At n=20, the level of smoothing seems helpful, but it still allows for the essential periodicity of the data to be seen. At very high n values, the wiener filter appears to maintain the periodicity of the data a lot better in comparison to the smoothing filter (smooths it out too much/more flat). At lower n values, the data is just not very smooth and resembles the original very closely.

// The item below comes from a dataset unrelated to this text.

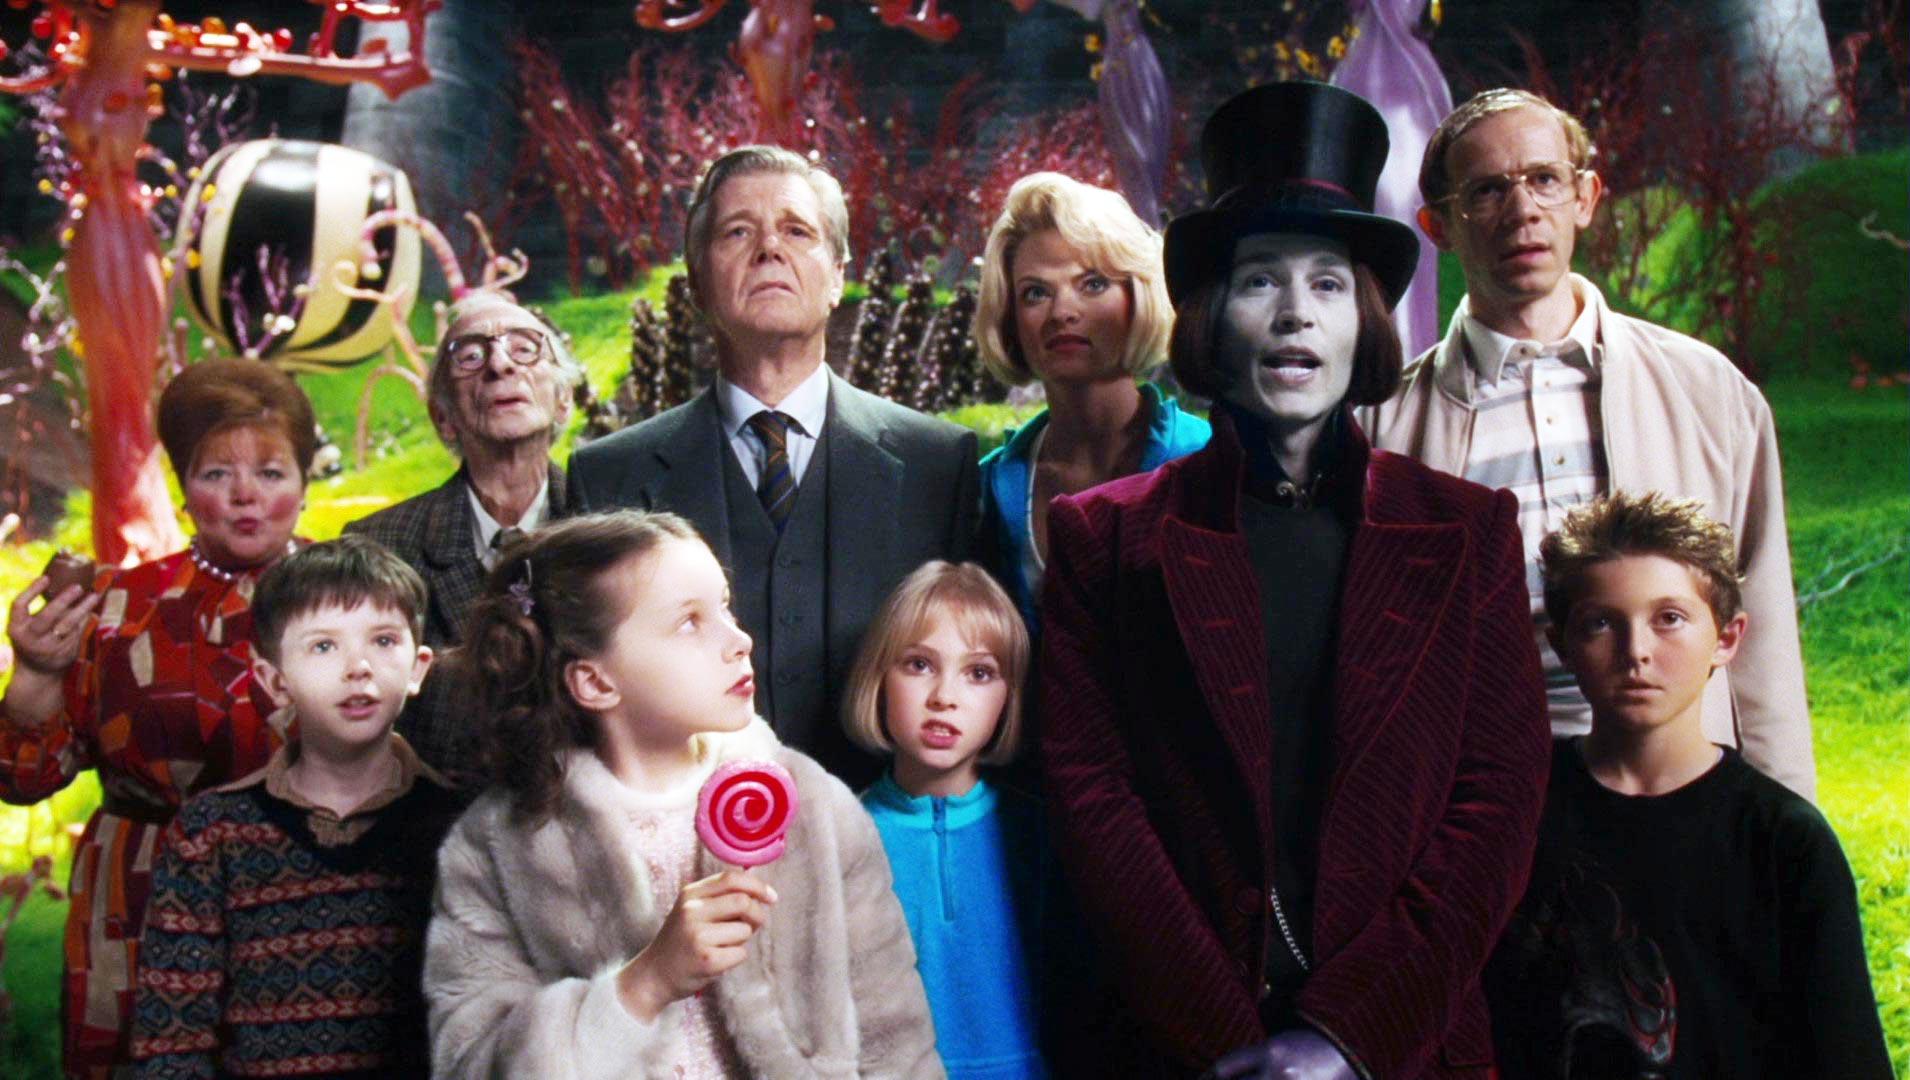 La versión de la película de terror de Willy Wonka y la

Creating a band pass filter

def bpf(data, k):
    if k > 0.5*len(data):
        print('k too big')
    else:
        f_vec = np.ones(len(data))
        center = int(len(data)/2 + 1)
        left = center - ((2*k)/2)
        right = center + ((2*k)/2)
        f_vec[int(left):int(right)] = 0
        ft = np.fft.fft(data)
        vec_multiplied = ft*f_vec
    return np.fft.ifft(vec_multiplied)
#k=30, good
plt.plot(pelts.Year, pelts.Hare, label = 'Hare')
bphare = bpf(pelts.Hare, 30)
plt.plot(pelts.Year, bphare, label = 'BP filter')
plt.xlabel('Year')
plt.ylabel('# of Pelts Sold')
plt.title('Hare Pelts Sold v Year - k=30')
plt.legend()
plt.show()

#k=40, too smooth
plt.plot(pelts.Year, pelts.Hare, label = 'Hare')
bphare = bpf(pelts.Hare, 40)
plt.plot(pelts.Year, bphare, label = 'BP filter')
plt.xlabel('Year')
plt.ylabel('# of Pelts Sold')
plt.title('Hare Pelts Sold v Year - k=40')
plt.legend()
plt.show()

#k=10, over fit 
plt.plot(pelts.Year, pelts.Hare, label = 'Hare')
bphare = bpf(pelts.Hare, 10)
plt.plot(pelts.Year, bphare, label = 'BP filter')
plt.xlabel('Year')
plt.ylabel('# of Pelts Sold')
plt.title('Hare Pelts Sold v Year - k=10')
plt.legend()
plt.show()
_images/convolutions_19_0.png _images/convolutions_19_1.png _images/convolutions_19_2.png

For the Hare data, when k = 30 the band pass filter provides a nice smooth fit for the data without losing the periodicity. When k is very large (40), the filter oversmooths and a lot of the periodicity is lost. Then, when k is very small (10), the data is overfit/periodicity or spikes are created where there shouldn’t be any.